**Entries supplied**.
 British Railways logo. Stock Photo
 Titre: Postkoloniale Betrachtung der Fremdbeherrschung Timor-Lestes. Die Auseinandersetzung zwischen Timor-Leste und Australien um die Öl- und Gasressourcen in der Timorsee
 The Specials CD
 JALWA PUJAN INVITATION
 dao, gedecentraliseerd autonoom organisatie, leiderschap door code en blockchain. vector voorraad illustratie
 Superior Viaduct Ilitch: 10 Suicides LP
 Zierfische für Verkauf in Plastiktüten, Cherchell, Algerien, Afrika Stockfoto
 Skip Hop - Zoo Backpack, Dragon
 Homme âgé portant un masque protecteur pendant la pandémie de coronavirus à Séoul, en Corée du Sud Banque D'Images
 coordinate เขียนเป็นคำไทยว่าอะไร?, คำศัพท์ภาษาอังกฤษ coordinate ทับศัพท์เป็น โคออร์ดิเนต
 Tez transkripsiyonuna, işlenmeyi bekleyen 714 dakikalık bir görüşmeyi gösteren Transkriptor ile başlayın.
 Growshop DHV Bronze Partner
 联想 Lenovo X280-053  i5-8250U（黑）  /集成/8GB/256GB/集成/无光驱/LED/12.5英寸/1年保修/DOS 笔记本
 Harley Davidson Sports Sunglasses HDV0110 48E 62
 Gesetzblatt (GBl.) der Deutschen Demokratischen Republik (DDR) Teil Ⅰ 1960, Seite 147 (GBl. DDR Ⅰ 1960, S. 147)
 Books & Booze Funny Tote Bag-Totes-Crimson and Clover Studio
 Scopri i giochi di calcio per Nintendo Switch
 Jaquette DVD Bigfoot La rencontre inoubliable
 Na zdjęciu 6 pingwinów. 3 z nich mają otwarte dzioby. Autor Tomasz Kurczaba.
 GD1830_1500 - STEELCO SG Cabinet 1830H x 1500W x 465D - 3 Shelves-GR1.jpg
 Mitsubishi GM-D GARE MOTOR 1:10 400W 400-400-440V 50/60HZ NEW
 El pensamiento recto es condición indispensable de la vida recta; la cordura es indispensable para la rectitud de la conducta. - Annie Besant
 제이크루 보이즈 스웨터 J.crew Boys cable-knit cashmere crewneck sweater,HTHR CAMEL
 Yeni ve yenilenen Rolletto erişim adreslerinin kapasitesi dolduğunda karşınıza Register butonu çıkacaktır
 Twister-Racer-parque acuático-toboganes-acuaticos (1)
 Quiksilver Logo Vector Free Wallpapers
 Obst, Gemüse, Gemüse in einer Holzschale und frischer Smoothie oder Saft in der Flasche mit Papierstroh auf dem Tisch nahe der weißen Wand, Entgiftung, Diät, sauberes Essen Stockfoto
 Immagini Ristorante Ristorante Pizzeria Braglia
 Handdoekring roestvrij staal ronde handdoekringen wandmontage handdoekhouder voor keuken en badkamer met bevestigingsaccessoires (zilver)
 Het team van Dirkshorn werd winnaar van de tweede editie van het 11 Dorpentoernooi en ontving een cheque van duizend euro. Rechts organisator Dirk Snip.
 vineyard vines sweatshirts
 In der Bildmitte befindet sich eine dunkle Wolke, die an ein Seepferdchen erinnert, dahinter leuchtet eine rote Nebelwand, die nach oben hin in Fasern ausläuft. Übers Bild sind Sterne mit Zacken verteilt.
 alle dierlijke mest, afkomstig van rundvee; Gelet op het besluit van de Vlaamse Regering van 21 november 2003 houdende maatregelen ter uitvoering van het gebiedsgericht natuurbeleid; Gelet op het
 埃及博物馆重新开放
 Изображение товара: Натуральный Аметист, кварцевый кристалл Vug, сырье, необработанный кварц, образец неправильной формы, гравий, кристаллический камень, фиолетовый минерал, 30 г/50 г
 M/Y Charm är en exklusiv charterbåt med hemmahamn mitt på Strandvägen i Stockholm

**What the task asks**. Quote exactly the first line of the entries and every line after it, stopping with the line that contains "coordinate เขียนเป็นคำไทยว่าอะไร?, คำศัพท์ภาษาอังกฤษ".

**Response area**.
 British Railways logo. Stock Photo
 Titre: Postkoloniale Betrachtung der Fremdbeherrschung Timor-Lestes. Die Auseinandersetzung zwischen Timor-Leste und Australien um die Öl- und Gasressourcen in der Timorsee
 The Specials CD
 JALWA PUJAN INVITATION
 dao, gedecentraliseerd autonoom organisatie, leiderschap door code en blockchain. vector voorraad illustratie
 Superior Viaduct Ilitch: 10 Suicides LP
 Zierfische für Verkauf in Plastiktüten, Cherchell, Algerien, Afrika Stockfoto
 Skip Hop - Zoo Backpack, Dragon
 Homme âgé portant un masque protecteur pendant la pandémie de coronavirus à Séoul, en Corée du Sud Banque D'Images
 coordinate เขียนเป็นคำไทยว่าอะไร?, คำศัพท์ภาษาอังกฤษ coordinate ทับศัพท์เป็น โคออร์ดิเนต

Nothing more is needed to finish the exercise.